Просвет обозначился с пяти бросков. Скорей всего, Тополь поскромничал в оценке, и «радуга» была совсем свежая, не десять часов, а два, три максимум — кулиса отстояла от поверхности воды почти на три метра. Значит, оно и ничего, что «радуга» так сверкает. И, значит, нынче утром у нас планируется репагулярный нуль-переход имени Тарантоги прямиком к могильнику. Куда нам и треба. Там и свершим свой суд над предателем. А вообще, любой писатель здесь сделал бы лирико-философско-информационное отступление, рассказав, что возможности и методики использования побочных свойств спецэффектов аномальных интенсивностей неизвестной природы в своих (низменных) целях сталкеры открывали чаще всего поневоле, прижатые к стенке в углу тупика. Не считая, разумеется, счастливых случайностей. Взять ту же «радугу».

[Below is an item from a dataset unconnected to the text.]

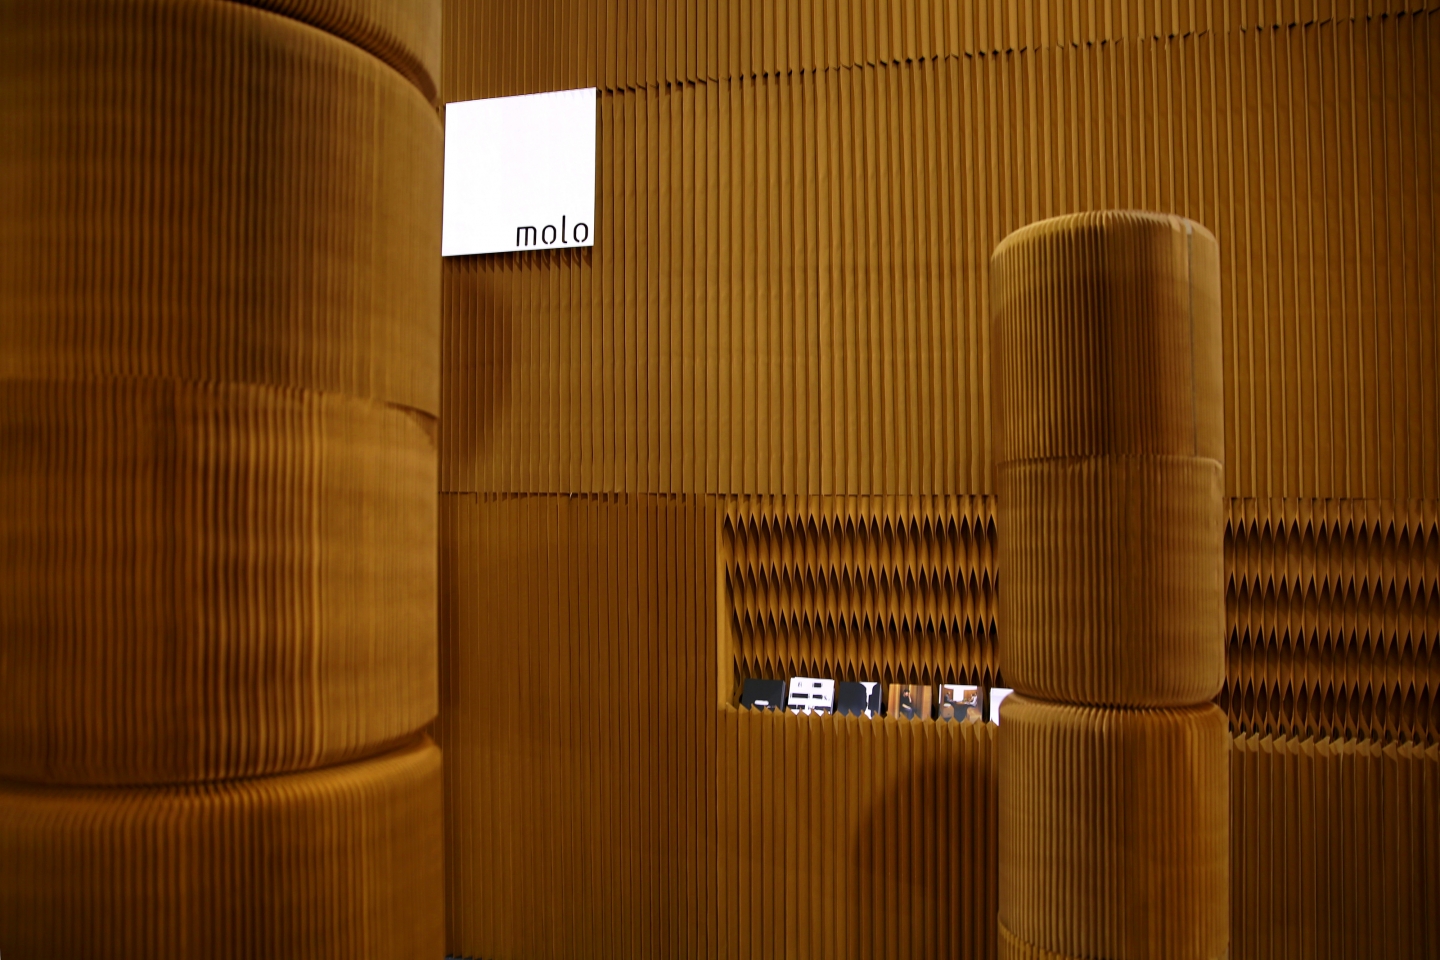 molo's installation at Maison & Objet in Paris, 2016 - paper furniture by molo

Первым её телепортационный эффект испытал на себе мародёр Вонилло. За ним гнались монолитовские чистильщики. Загнанный, Вонилло предпочёл прыгнуть в листовскую «радугу» и долго не мог прийти в себя, мановением Матушки оказавшись вот здесь, у Темрюков. Прийти в себя ему помогли чистильщики из клана «Чистое небо», расположившиеся на привал неподалёку от точки выброса. Как только сами в себя пришли. Вонилло и им был превосходно известен, так что в этом случае мановение оказалось «семьдесят седьмой», пустышкой, двумя нолями на боку. Но, несомненно, свой вклад в общественный глоссарий Вонилло внёс, посмертно.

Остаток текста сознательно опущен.